Une étude récente a montré, grâce à une technique de microscopie à haute résolution (3D-STORM, pour 3 Dimensional-Stochastic Optical Reconstruction Microscopy), que l’actine pouvait adopter une organisation particulière au niveau du corps de l’axone. En effet, elle formerait des anneaux isolés épousant la circonférence de l’axone, espacés de façon régulière tout le long de l’axone (Xu et al., 2013). Cette structure périodique, présente à la fois dans les neurones en développement et matures, n’a pas été observée dans les dendrites. La périodicité de ces anneaux serait d’environ 190 nm. L’étude a également montré que les anneaux d’actine seraient reliés entre eux par la spectrine, une protéine tétramérique fibreuse tapissant la membrane plasmique. De plus, les anneaux d’actine co-localisent avec l’adducine, une protéine de coiffe se liant à l’extrémité barbée des filaments d’actine et facilitant la liaison de l’actine avec la spectrine. Le marquage de l’adducine suit celui des anneaux d’actine sur toute leur circonférence (Figure 25). Il semblerait donc que les anneaux soient formés de petits filaments mis bout à bout et non d’un filament unique. L’axone contiendrait également de longs filaments d’actine s’étendant sur toute la longueur de l’axone mais avec une structure moins régulière que celle des anneaux et moins reproductible entre les neurones. Ces longs filaments seraient en effet trouvés dans des axones particulièrement épais. Les auteurs de cette étude proposent un rôle des anneaux d’actine dans le maintien de la structure longue et fine de

l’axone, en servant, avec la spectrine, de support mécanique à la membrane de l’axone. Ces anneaux pourraient également réguler la périodicité de certaines protéines membranaires, comme par exemple les canaux sodiques, importants pour la génération des potentiels d’action.
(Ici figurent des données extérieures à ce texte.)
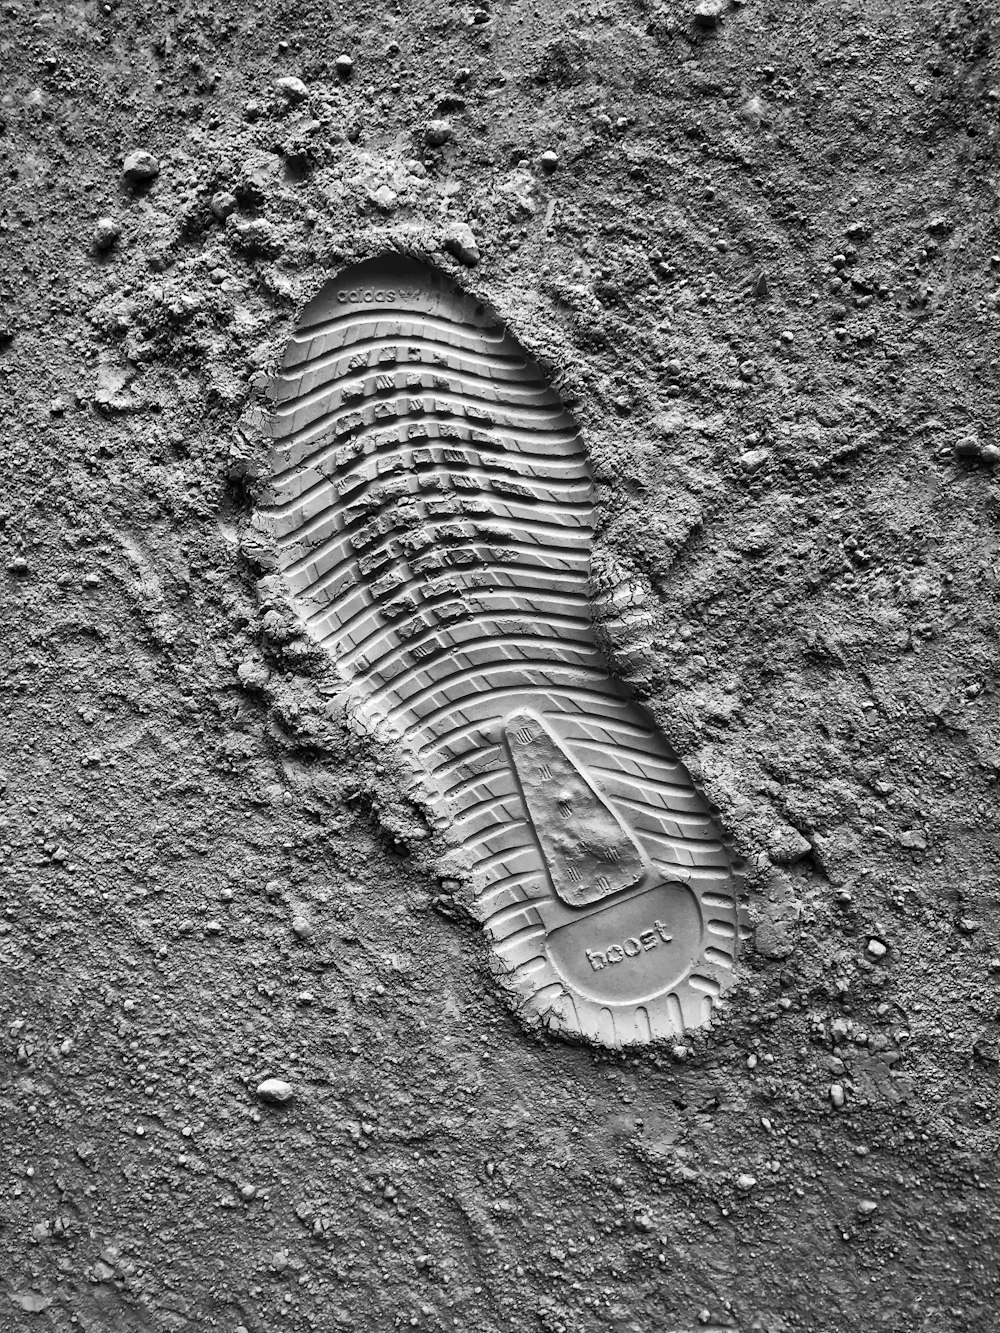 grayscale photo of sneaker sole print

Figure 25. Organisation du réseau d’actine dans l’axone. (A) Immunomarquages de l’actine (en vert), la spectrine (en violet ou vert) et l’adducine (en violet) dans l’axone d’un neurone hippocampal de rat. (B) Modèle de l’organisation de l’actine dans l’axone. De petits filaments d’actine (en vert), coiffés par l’adducine (en bleu) à une de leurs extrémités, s’organisent en anneaux qui suivent la circonférence de l’axone. La spectrine (en violet) connecte les anneaux adjacents d’actine/adducine le long de l’axone avec une périodicité d’environ 190 nm (d’après Xu et al., 2013).